PCA was conducted based on clinical features, including age, sex, severity, nine comorbidities, and the time from hospital discharge to follow-up for all patients. PC1 explained 81.3% of the variance in the entire phenotype matrix. Associations between SNPs and virus-specific IgG titers were analyzed using a simple linear regression model conditioned on PC1. Statistical analyses were performed using the R package (v.3.32.1).

3 Results

3.1 Sample and data description

Between 17 January and 24 June 2020, 572 convalescents in China who had recovered from COVID-19 caused by wild-type SARS-CoV-2 were assessed 6 months after infection. Data from convalescents, including age, sex, 44 laboratory parameters, and genome target region capture sequencing, were collected during their recovery phase. Additionally, disease severity during the acute phase (from symptom onset to hospital discharge) was extracted from medical records (Figure 1). The subgroup distributions for all clinical traits are shown in Supplementary Figure S1 and Supplementary Figure S2, stratified by sex and COVID-19 severity.

The clinical characteristics of the participants are presented in Table 1. The mean age was 57.66 (95% CI: 35.23 ~ 80.08) years, with 346 (60.49%) women and 226 (39.51%) men. The average duration from discharge to follow-up was 194.22 (95% CI: 165.03–223.41) days. According to the Diagnosis and Treatment Guidelines in China (13), the severity of COVID-19 was classified as mild (N = 25, 4.37%), moderate (N = 434, 75.87%), severe (N = 105, 18.36%), or critical (N = 8, 1.40%). To facilitate the analysis of the relationship between disease severity and other features, mild and moderate cases were combined into the non-severe group (N = 459, 80.42%), and severe and critical cases were combined into the severe group (N = 113, 19.76%).
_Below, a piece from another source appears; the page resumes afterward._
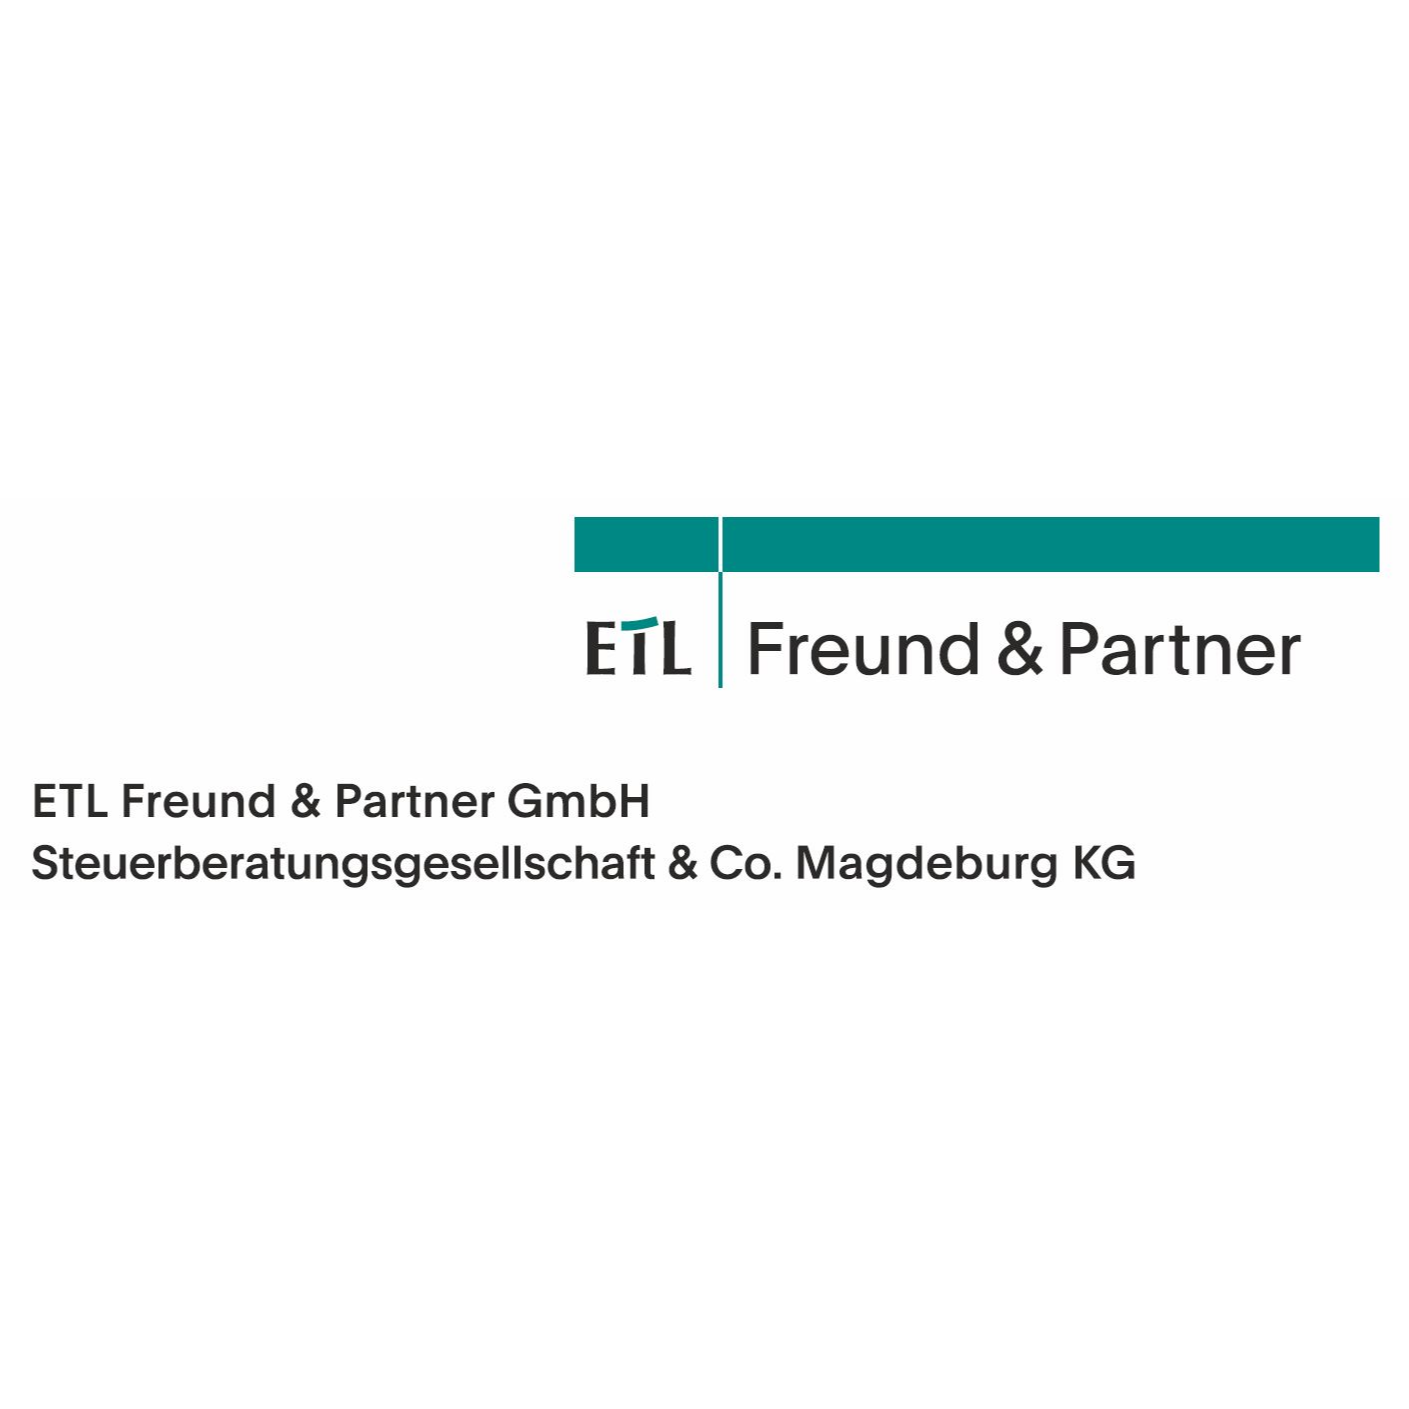 ETL Freund & Partner GmbH Steuerberatungsgesellschaft & Co. Magdeburg KG in Magdeburg - Logo

Hypertension was the most common comorbidity (27.27%), followed by diabetes (14.69%). A total of 238 (41.61%) COVID-19 patients suffered from at least one comorbidity.

The ability of the immune system to provide sustained protection to the body after recovery from COVID-19 is a key concern. Consistent with recent studies (14, 15), 94.58% of patients were SARS-CoV-2 IgG seropositive at half a year after discharge (Table 1). Supplementary Figure S3 illustrates the distribution of IgG antibody levels across different age groups. The IgG levels exhibited a consistent upward trend with increasing age between 30 and 79 years.

Genomic data were obtained from these patients using a target region capture sequencing strategy. The data were processed using a frequently used pipeline. After genotyping and imputation with the ChinaMap database as a reference and strict quality control measures (10), 1.10 million high-quality SNPs were obtained for subsequent analyses. Of the 572 recruited patients, 15 individuals who showed a close genetic relationship with others based on the identify-by-descent (IBD) analysis were excluded from subsequent analyses, resulting in a total of 557 unrelated individuals for subsequent analyses.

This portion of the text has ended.